So we're going to pretend all my losses were by 1 point?
The first S in SRS stands for Simple because the SRS is simply the sum of two variables: a team’s average margin of victory (or points differential) and a team’s strength of schedule.
But what if we only care about wins and losses? Even in that case, we still care about strength of schedule. The BCS mandates that the computer systems used to provide the official BCS ratings ignore margin of victory. Essentially, that’s what I’m doing here. To provide Elo-style ratings for NFL teams, I made each win a one-point win, each loss a one-point loss, and each tie worth 0 points. Therefore, a team’s MOV perfectly matches its record, leaving just the SOS to shuffle the deck.
Is this useful for anything? No. That’s why it’s a Friday night checkdown.
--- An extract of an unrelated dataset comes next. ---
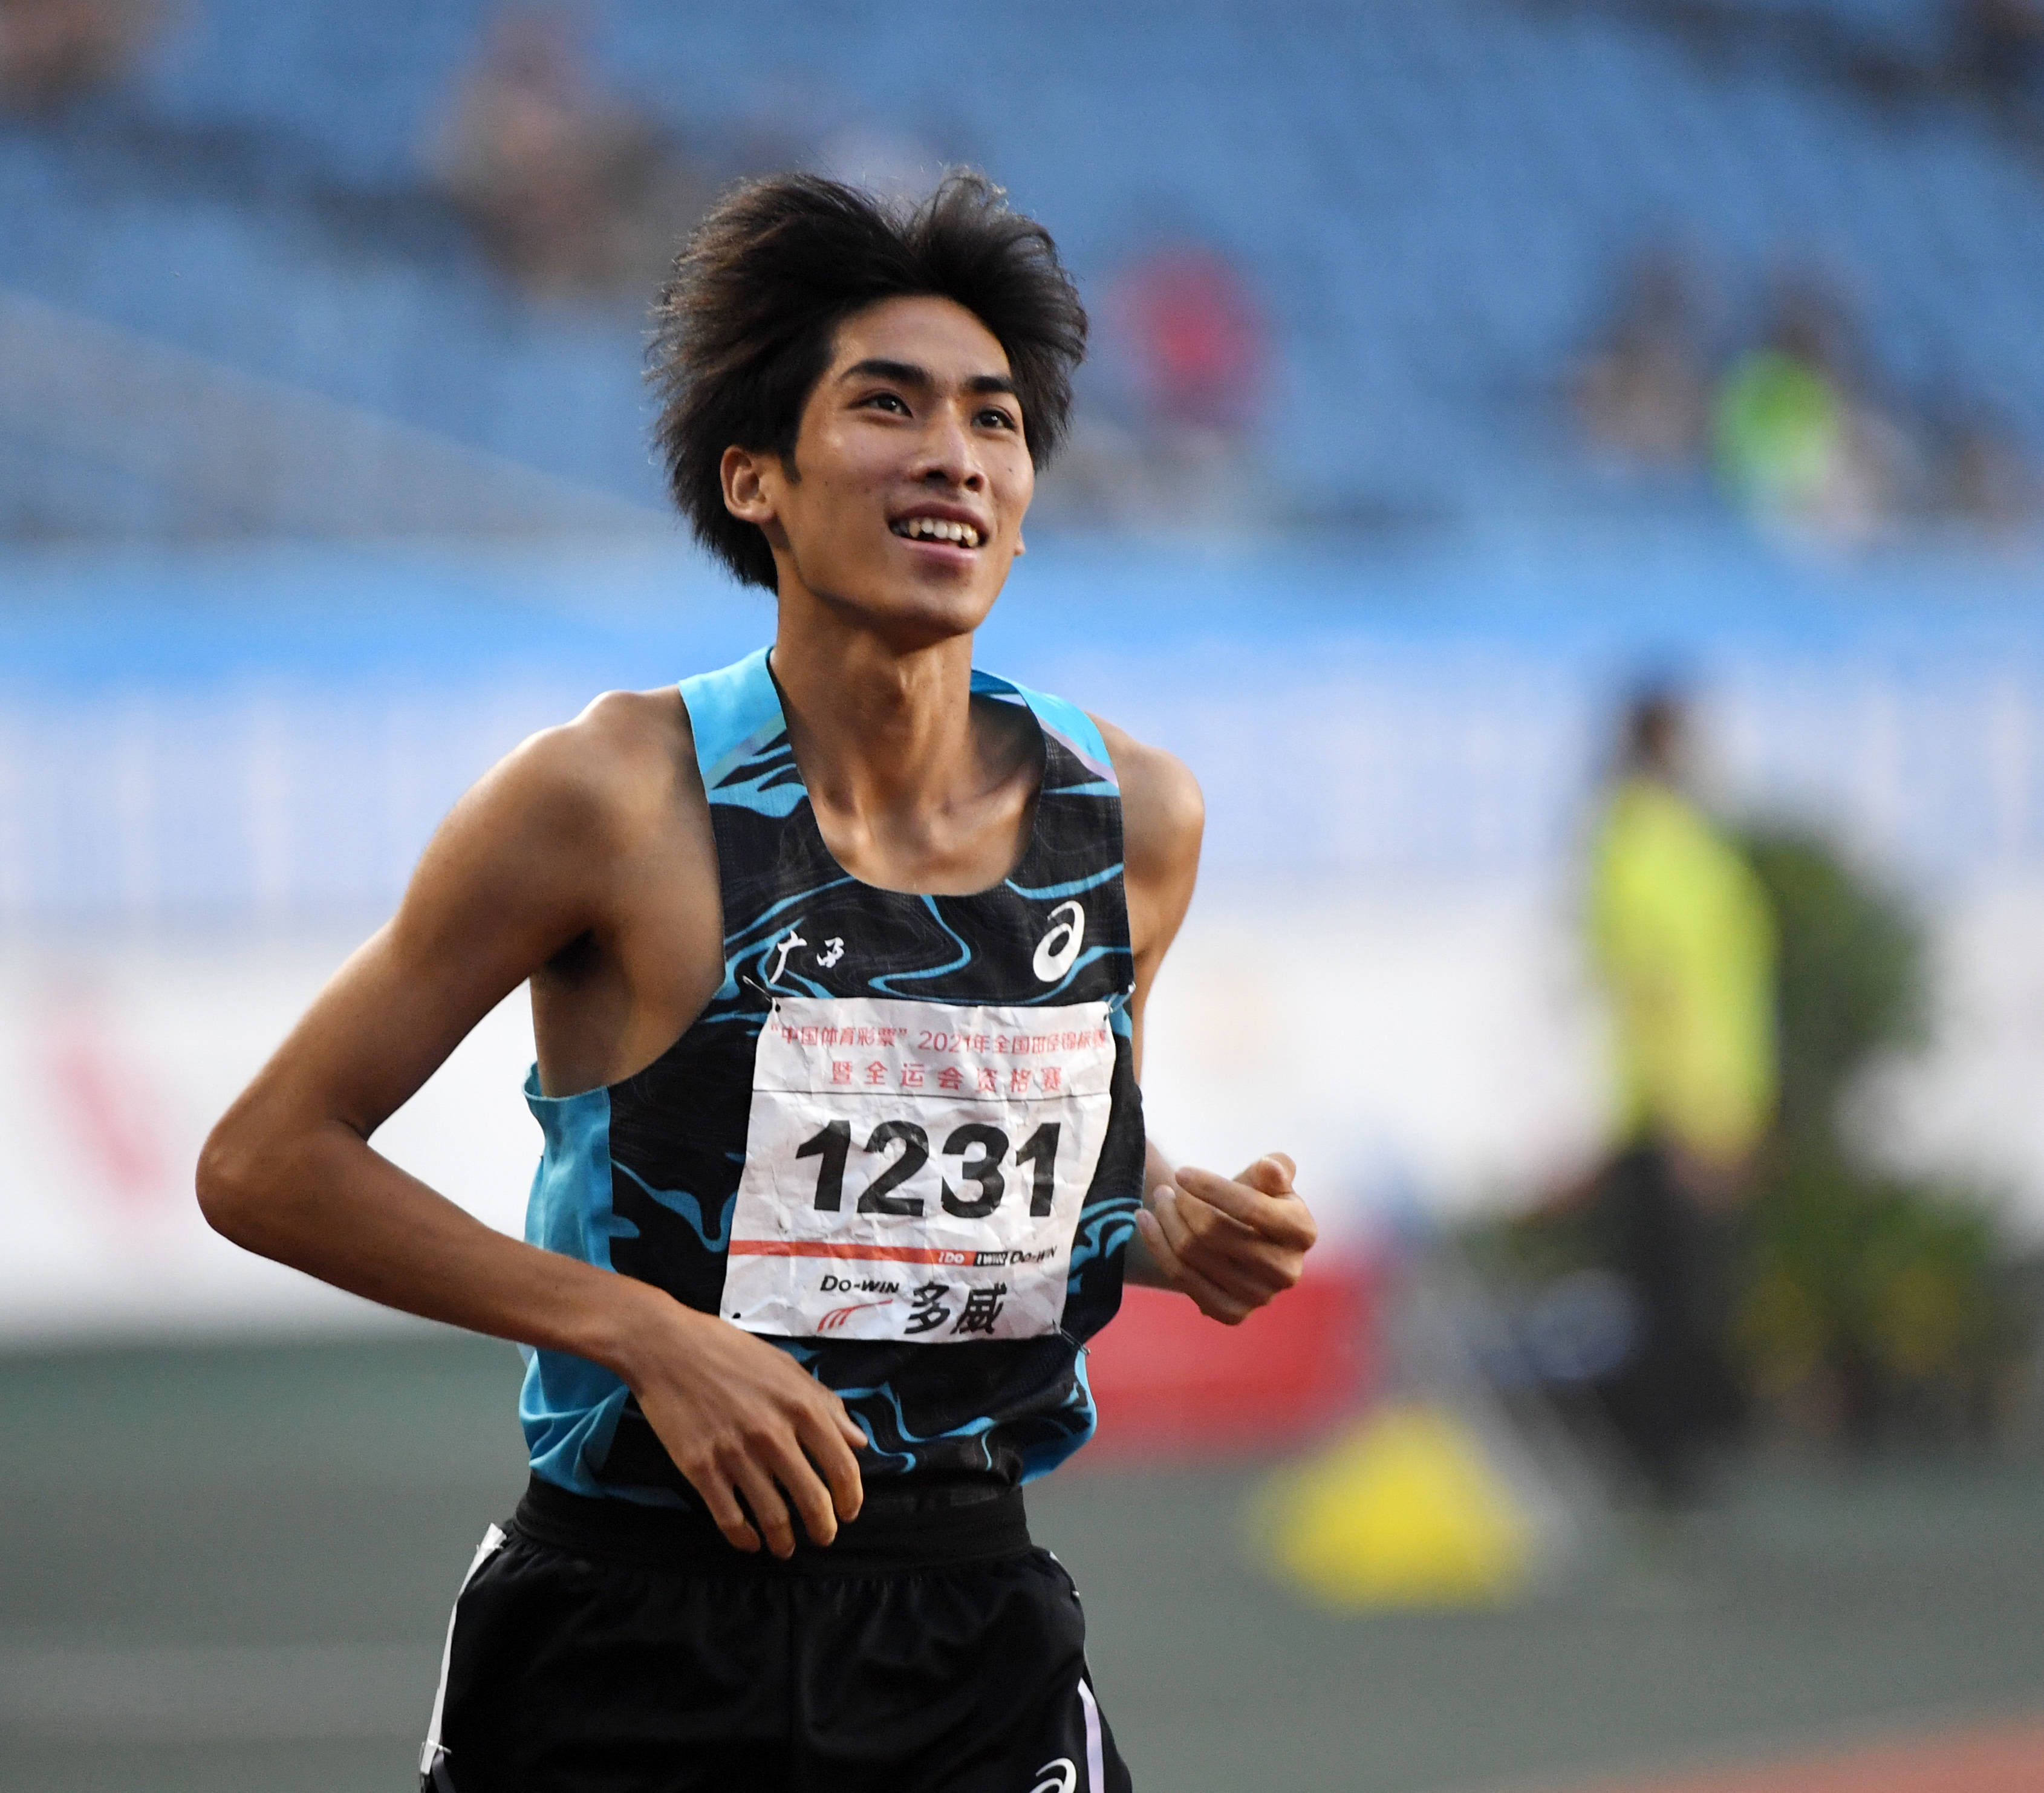 广西队选手刘德助以3分43秒36的成绩夺得冠军

Rk | Team | G | MOV | SOS | SRS | Record |
|---|---|---|---|---|---|---|
| 1 | Houston Texans | 13 | 0.692 | 0.011 | 0.704 | 11-2-0 |
| 2 | New England Patriots | 13 | 0.538 | 0.116 | 0.654 | 10-3-0 |
| 3 | San Francisco 49ers | 13 | 0.462 | 0.081 | 0.543 | 9-3-1 |
| 4 | Green Bay Packers | 13 | 0.385 | 0.107 | 0.492 | 9-4-0 |
| 5 | Atlanta Falcons | 13 | 0.692 | -0.273 | 0.42 | 11-2-0 |
| 6 | Denver Broncos | 13 | 0.538 | -0.166 | 0.373 | 10-3-0 |
| 7 | Chicago Bears | 13 | 0.231 | 0.121 | 0.352 | 8-5-0 |
| 8 | Seattle Seahawks | 13 | 0.231 | 0.114 | 0.345 | 8-5-0 |
| 9 | Indianapolis Colts | 13 | 0.385 | -0.053 | 0.332 | 9-4-0 |
| 10 | Baltimore Ravens | 13 | 0.385 | -0.135 | 0.249 | 9-4-0 |
| 11 | New York Giants | 13 | 0.231 | -0.04 | 0.191 | 8-5-0 |
| 12 | St. Louis Rams | 13 | 0 | 0.175 | 0.175 | 6-6-1 |
| 13 | Minnesota Vikings | 13 | 0.077 | 0.067 | 0.144 | 7-6-0 |
| 14 | New York Jets | 13 | -0.077 | 0.172 | 0.095 | 6-7-0 |
| 15 | Washington Redskins | 13 | 0.077 | -0.003 | 0.074 | 7-6-0 |
| 16 | Dallas Cowboys | 13 | 0.077 | -0.012 | 0.065 | 7-6-0 |
| 17 | Cincinnati Bengals | 14 | 0.143 | -0.203 | -0.06 | 8-6-0 |
| 18 | Pittsburgh Steelers | 13 | 0.077 | -0.138 | -0.061 | 7-6-0 |
| 19 | Miami Dolphins | 13 | -0.231 | 0.126 | -0.105 | 5-8-0 |
| 20 | Buffalo Bills | 13 | -0.231 | 0.067 | -0.164 | 5-8-0 |
| 21 | Arizona Cardinals | 13 | -0.385 | 0.203 | -0.181 | 4-9-0 |
| 22 | Detroit Lions | 13 | -0.385 | 0.188 | -0.197 | 4-9-0 |
| 23 | Tampa Bay Buccaneers | 13 | -0.077 | -0.162 | -0.239 | 6-7-0 |
| 24 | Tennessee Titans | 13 | -0.385 | 0.134 | -0.25 | 4-9-0 |
| 25 | New Orleans Saints | 13 | -0.231 | -0.035 | -0.266 | 5-8-0 |
| 26 | Cleveland Browns | 13 | -0.231 | -0.125 | -0.356 | 5-8-0 |
| 27 | Carolina Panthers | 13 | -0.385 | 0.014 | -0.371 | 4-9-0 |
| 28 | San Diego Chargers | 13 | -0.231 | -0.165 | -0.396 | 5-8-0 |
| 29 | Philadelphia Eagles | 14 | -0.429 | -0.048 | -0.476 | 4-10-0 |
| 30 | Jacksonville Jaguars | 13 | -0.692 | 0.141 | -0.551 | 2-11-0 |
| 31 | Oakland Raiders | 13 | -0.538 | -0.112 | -0.651 | 3-10-0 |
| 32 | Kansas City Chiefs | 13 | -0.692 | -0.148 | -0.84 | 2-11-0 |
{ 1 comment… read it below or add one }
Elo is definitely an interesting concept. I think in it’s traditional chess style format, it can definitely work for professional leagues. The Carl Meyer book, Neil referred to a couple of months ago has a chapter on it. I set up a spreadsheet to work up College Football in an Elo Style taking into account scores, but now realise that you can’t really apply it to College sports because of the wide variety in strength of opponents.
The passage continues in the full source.